Political Parties: Large Coalition Governments

Israel is typically governed by large coalition governments that reflect the country’s political and cultural diversity: between secular and ultra-Orthodox Jews, Jews of Middle Eastern and European descent, and, ultimately, between the Jewish majority and the Arab Palestinian minority. The minimum threshold of votes needed to enter parliament is set deliberately low, at only 2%, to ensure wide political representation of these diferent sections of society.

The result is a very vibrant and often chaotic political scene. More than 30 political parties contested the 2013 elections, and 12 of them entered the parliament. Because no party has ever won an outright majority in the 120-member Knesset, the government’s support often hangs by a thread, giving even small fringe parties considerable sway over government policy.

This system ensures that no one political group can claim full dominance over the others, making it difficult to imagine an authoritarian leader emerging in these conditions.
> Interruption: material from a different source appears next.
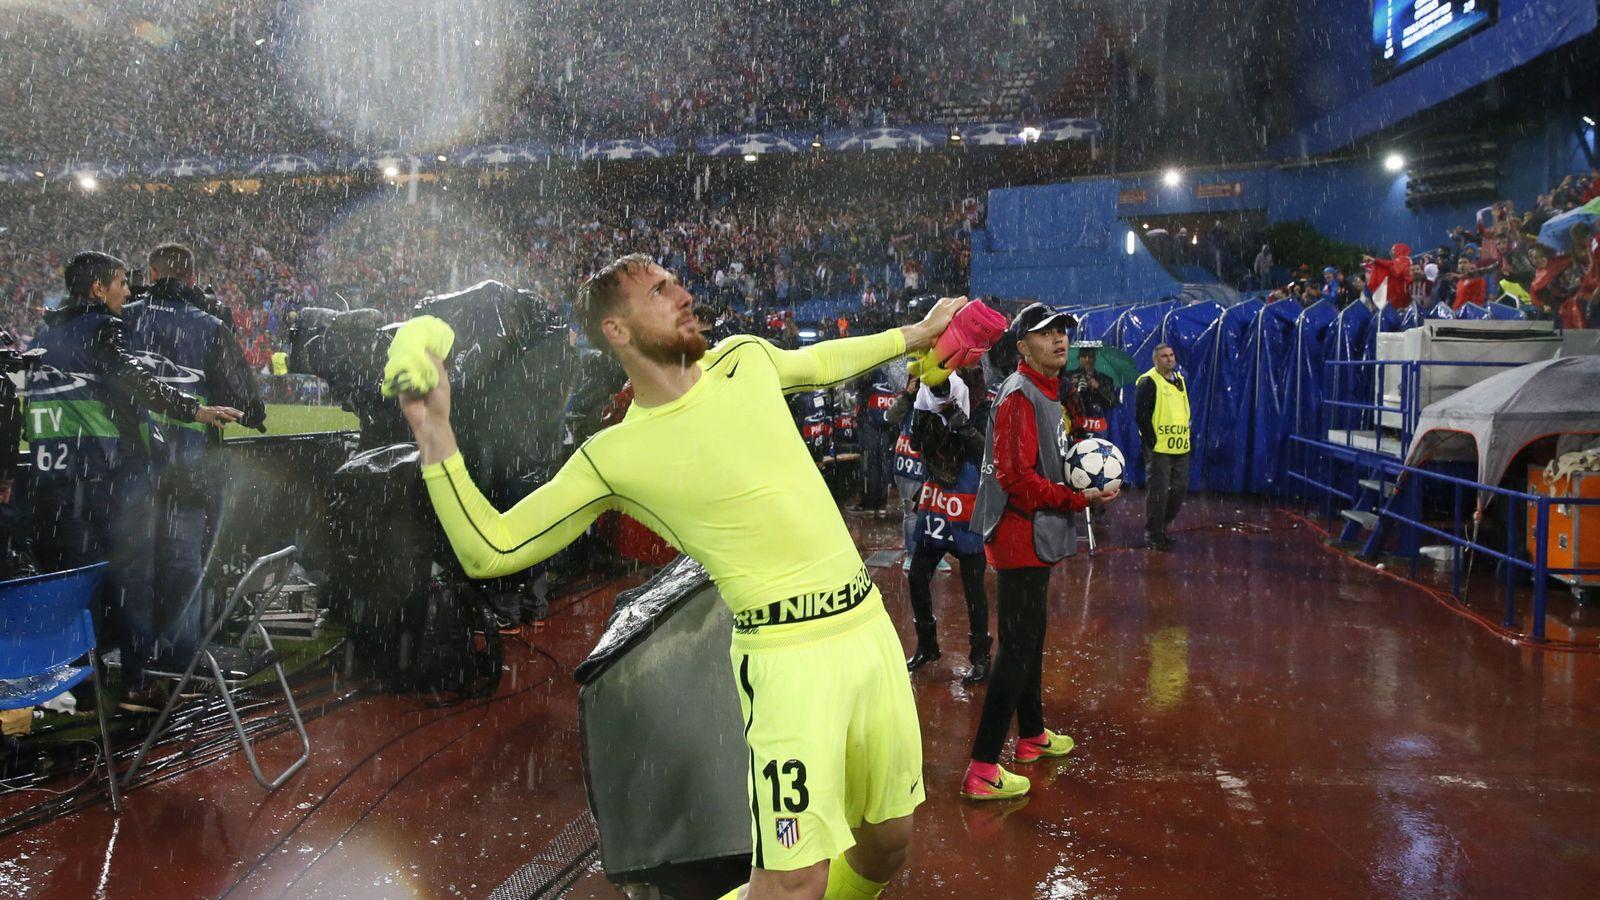 a736fe11c23be LaLiga Santander  Dónde acaba la camiseta de un futbolista  de la barra  libre del Barça al límite del Atlético
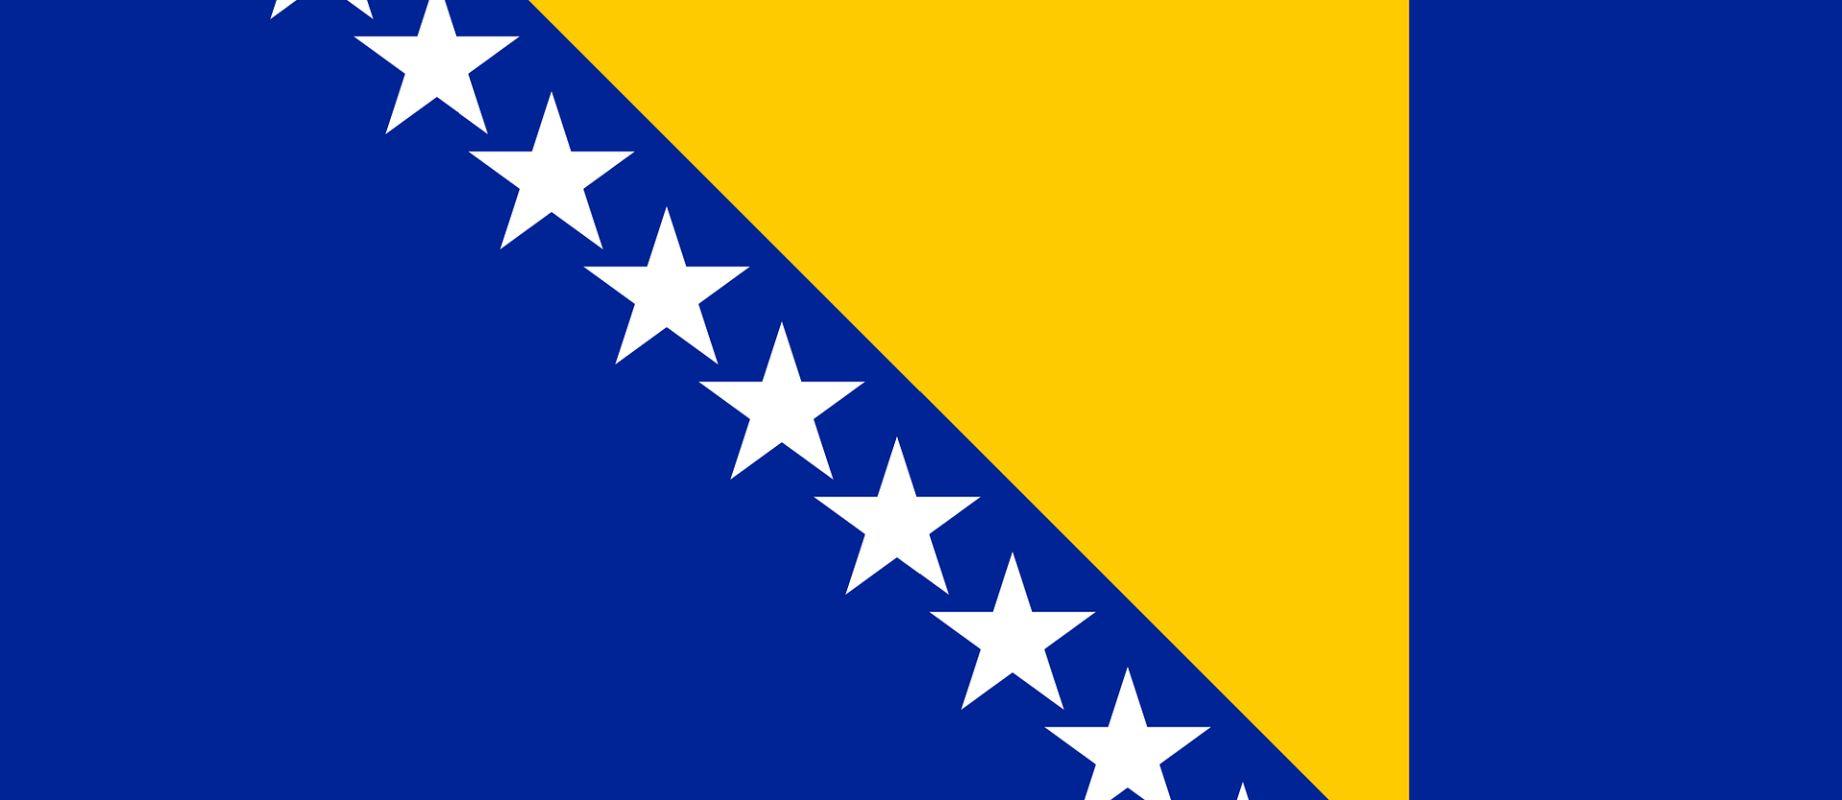 BiH ce tražiti izručenje zamjenika zapovjednika ratnog logora za Hrvate u Mostaru

The flip side is that coalition partners, who often have little in common, find it difficult to achieve consensus on divisive issues. It’s common for coalition members to walk out of the government and prime ministers rarely serve a full four-year term.

Criticism of Israel: The Palestinian Issue

However, Israel’s critics at home and abroad say the country’s democratic credentials are being fatally undermined by its treatment of Palestinians. Israeli Palestinians, who have the right to vote and stand in elections, say in practice their communities have little representation in state institutions, and face systematic discrimination in employment, education, and public investment. Many Palestinians living on territories Israel occupied in 1967 are driven off their land to make way for Jewish settlements, which are treated as de-facto part of the State of Israel, even though they are considered illegal by most of the international community.

Israel identifies itself as a “Jewish and democratic” state. But many liberal Israelis, such as the former parliament speaker Avraham Burg, lament the rise of aggressive religious nationalism and point to a growing clash between the two poles of Israel’s identity. Israeli human rights groups point to new legislation that penalizes some forms of criticism of Israeli settlement policy on the occupied territories. On the other hand, Israeli ambassador to the US, Michael Oren, retorts that Israel’s democracy remains resilient and remarkably progressive given the hostile conditions in which it emerged and considering the security threats it faces.

At any rate, there is little hope for progress in the Israeli-Palestinian peace process. The issue of reconciling the values of Israel’s political system with the security considerations of the state will remain at the heart of debates over the direction of Israeli democracy.